One thing for sure is that all the keys along any path from the root to a leaf in a max/min heap must be in non-increasing/non-decreasing order.

Your job is to check every path in a given complete binary tree, in order to tell if it is a heap or not.
Input Specification:
Each input file contains one test case. For each case, the first line gives a positive integer N (1<N≤1,000), the number of keys in the tree.
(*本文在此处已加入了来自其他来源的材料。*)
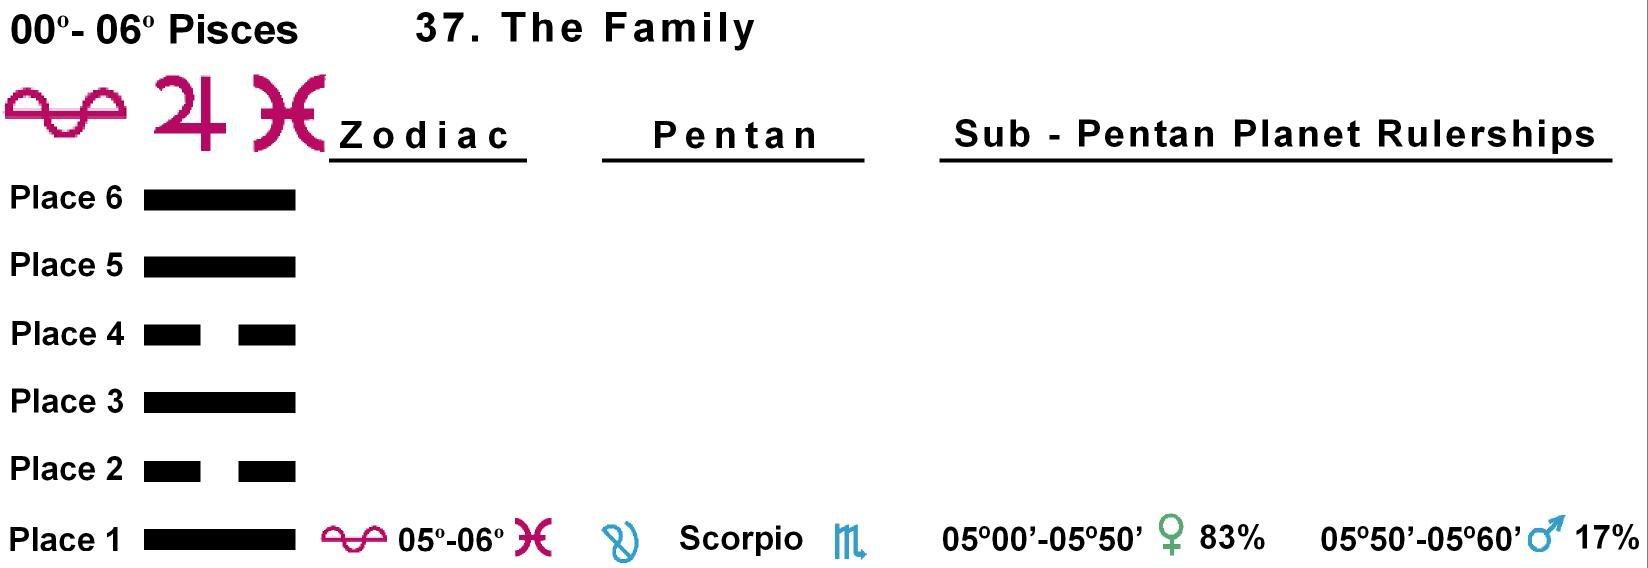 Pent-lines-12PI 05-06 Hx-37 The Family

Then the next line contains N distinct integer keys (all in the range of int), which gives the level order traversal sequence of a complete binary tree.

Output Specification:
For each given tree, first print all the paths from the root to the leaves. Each path occupies a line, with all the numbers separated by a space, and no extra space at the beginning or the end of the line. The paths must be printed in the following order: for each node in the tree, all the paths in its right subtree must be printed before those in its left subtree.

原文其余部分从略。